Neural Lace is but a scaffold. Neural Lace 2.0 could easily be a fully neurological network designed to connect the neural Man to the Virtual World. We the humans only maintain our humanity, the possessors of Natural Rights, those imbued with organic life, true life, by maintaining the balance of Nature by retaining control over our inventions.

I wish to state that I am not claiming that any form of conspiracy is involved here. Just the opposite. The desire, the excitement of man for new, the untried, and unknown engages our minds. It drives toward the next dawn. It conducts our symphony of dreams, and poetry of physics.

But though all our eagerness, we must never forget the primacy of the individual is without peer.
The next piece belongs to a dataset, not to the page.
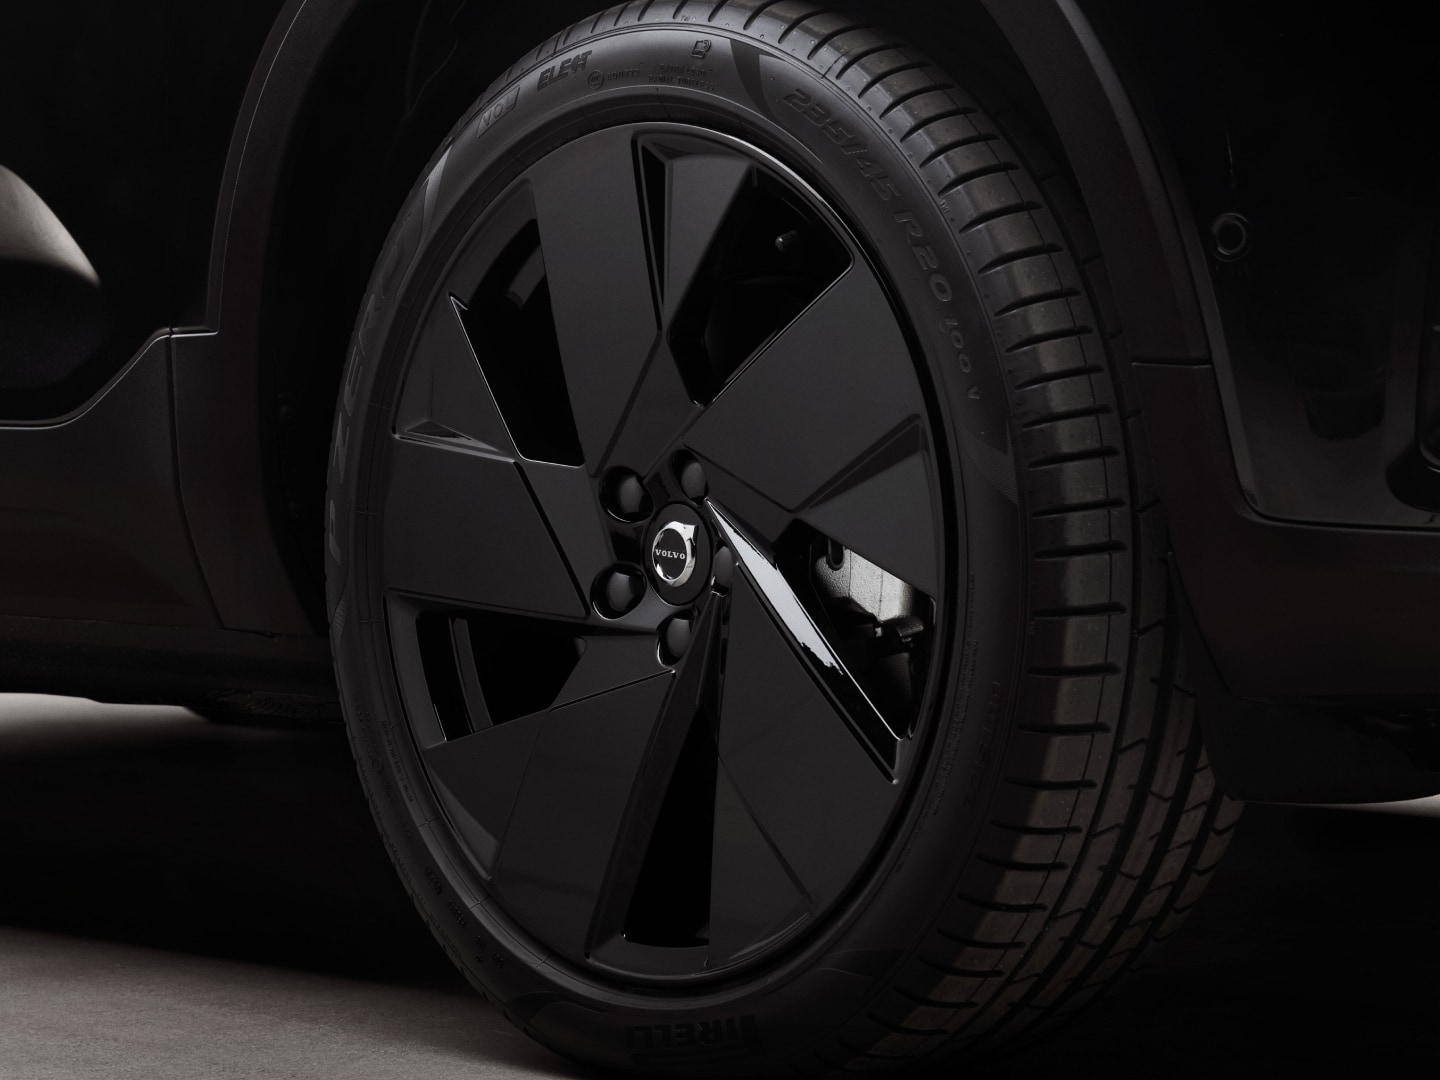 The large high-gloss wheels, available on the Volvo EC40 Black Edition.

Isaac Asimov was prescient when he wrote The Three Laws of Robotics which I will reprint here.

  1. A robot may not injure a human being or, through inaction, allow a human being to come to harm.
  2. A robot must obey the orders given it by human beings except where such orders would conflict with the First Law.
  3. A robot must protect its own existence as long as such protection does not conflict with the First or Second Laws.

At a later date, Asimov revised the Laws by adding a Zeroth Law as follow,

0. A robot may not harm humanity, or, by inaction, allow humanity to come to harm.

It may do humanity well to heed Asimov’s prescience and encode into all Artificial Intelligence and the Virtual Worlds that the AI control with the Four Laws of Robotics. That plus a backup fail-safe might just be humanity’s protection from ultimate oblivion.